### The problem
Please return the lines below verbatim, beginning at the one that has "Impaired function of Broca’s Area" and stopping after the one that has "Impaired function of Wernicke’s Area", and add no other lines.

### Provided records
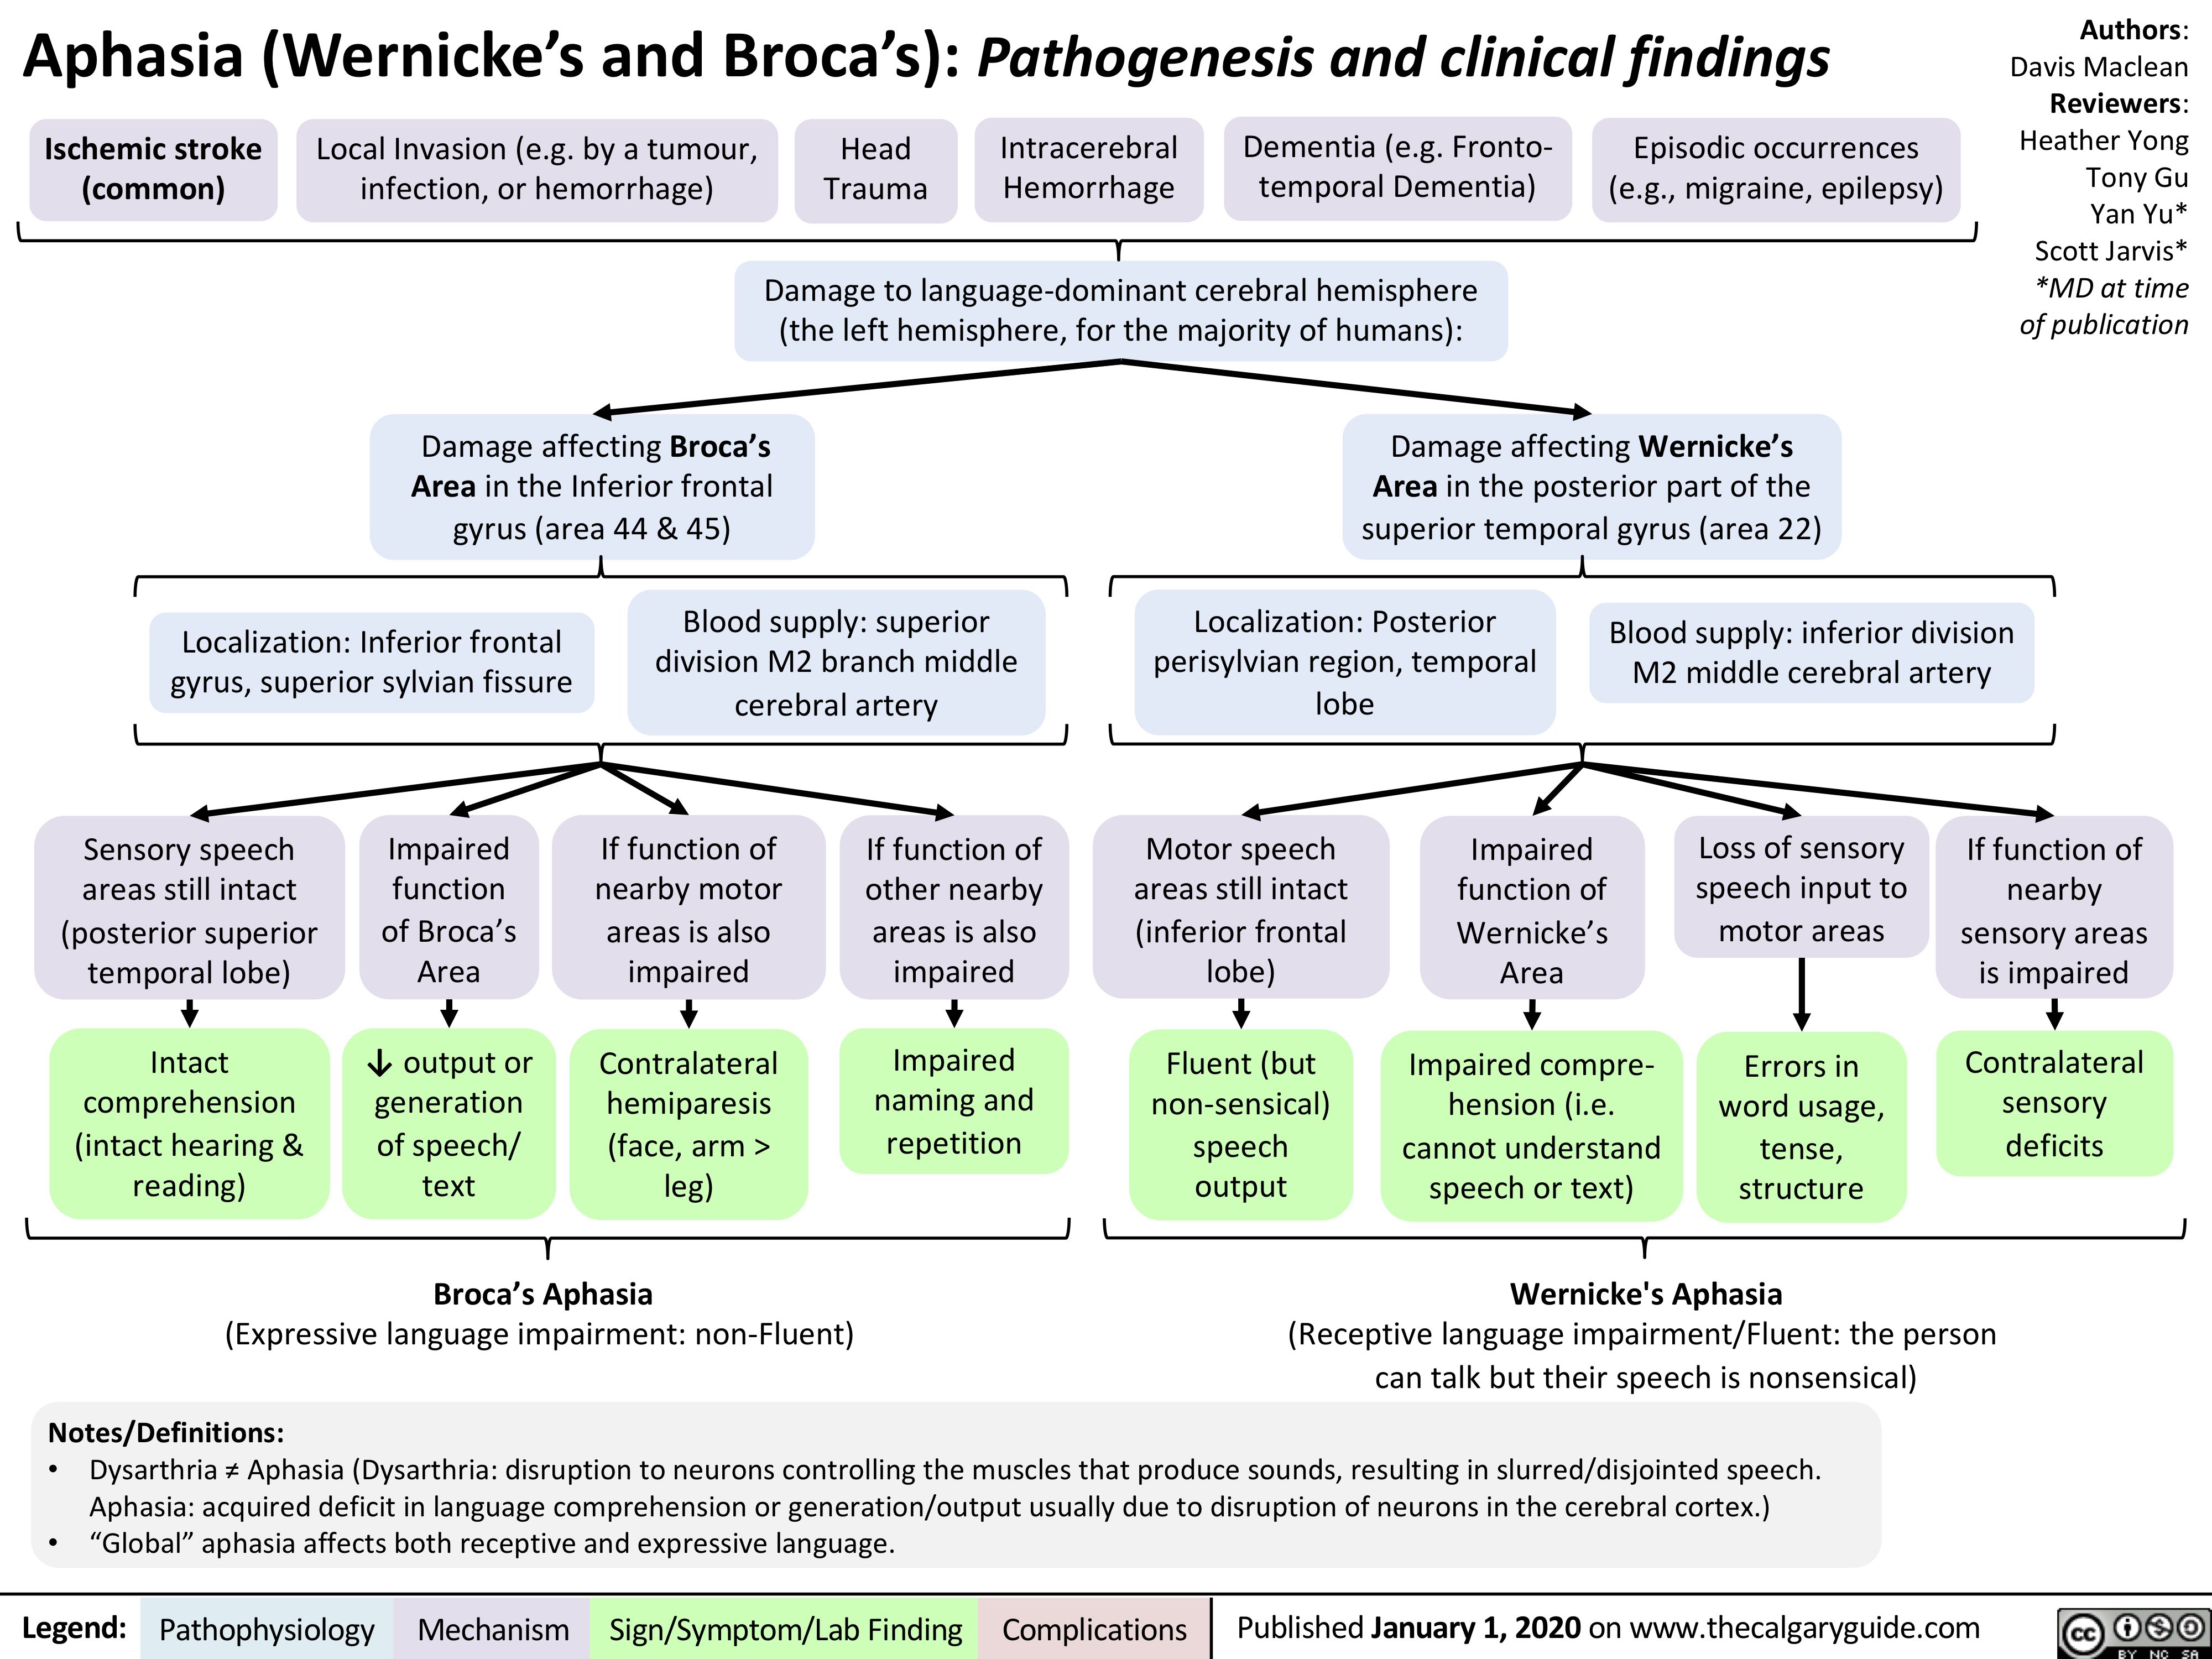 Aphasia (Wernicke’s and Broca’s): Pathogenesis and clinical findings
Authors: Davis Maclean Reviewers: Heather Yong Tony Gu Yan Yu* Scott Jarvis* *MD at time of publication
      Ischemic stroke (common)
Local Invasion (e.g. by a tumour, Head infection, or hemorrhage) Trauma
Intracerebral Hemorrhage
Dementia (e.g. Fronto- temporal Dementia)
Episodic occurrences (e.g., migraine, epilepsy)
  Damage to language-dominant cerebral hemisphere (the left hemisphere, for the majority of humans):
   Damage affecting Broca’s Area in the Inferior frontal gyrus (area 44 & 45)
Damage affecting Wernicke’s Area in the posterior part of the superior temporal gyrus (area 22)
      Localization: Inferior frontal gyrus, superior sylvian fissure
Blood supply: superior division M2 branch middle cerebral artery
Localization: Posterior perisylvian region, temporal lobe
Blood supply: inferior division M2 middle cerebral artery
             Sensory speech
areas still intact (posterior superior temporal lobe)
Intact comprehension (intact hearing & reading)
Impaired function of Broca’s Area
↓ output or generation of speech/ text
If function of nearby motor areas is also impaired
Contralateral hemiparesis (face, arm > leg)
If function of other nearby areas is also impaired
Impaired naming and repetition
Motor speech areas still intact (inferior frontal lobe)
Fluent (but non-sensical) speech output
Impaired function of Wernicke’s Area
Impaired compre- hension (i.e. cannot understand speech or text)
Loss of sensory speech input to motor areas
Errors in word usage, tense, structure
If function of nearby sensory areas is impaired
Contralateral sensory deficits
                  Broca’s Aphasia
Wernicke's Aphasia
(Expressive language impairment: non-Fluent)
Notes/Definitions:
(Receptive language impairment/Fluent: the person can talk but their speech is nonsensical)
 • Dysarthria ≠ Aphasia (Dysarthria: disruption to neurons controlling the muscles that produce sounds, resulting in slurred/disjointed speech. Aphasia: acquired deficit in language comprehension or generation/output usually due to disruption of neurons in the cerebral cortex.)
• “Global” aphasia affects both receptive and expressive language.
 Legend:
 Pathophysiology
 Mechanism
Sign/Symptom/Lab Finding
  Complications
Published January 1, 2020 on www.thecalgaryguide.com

### Answer box
Impaired function of Broca’s Area
↓ output or generation of speech/ text
If function of nearby motor areas is also impaired
Contralateral hemiparesis (face, arm > leg)
If function of other nearby areas is also impaired
Impaired naming and repetition
Motor speech areas still intact (inferior frontal lobe)
Fluent (but non-sensical) speech output
Impaired function of Wernicke’s Area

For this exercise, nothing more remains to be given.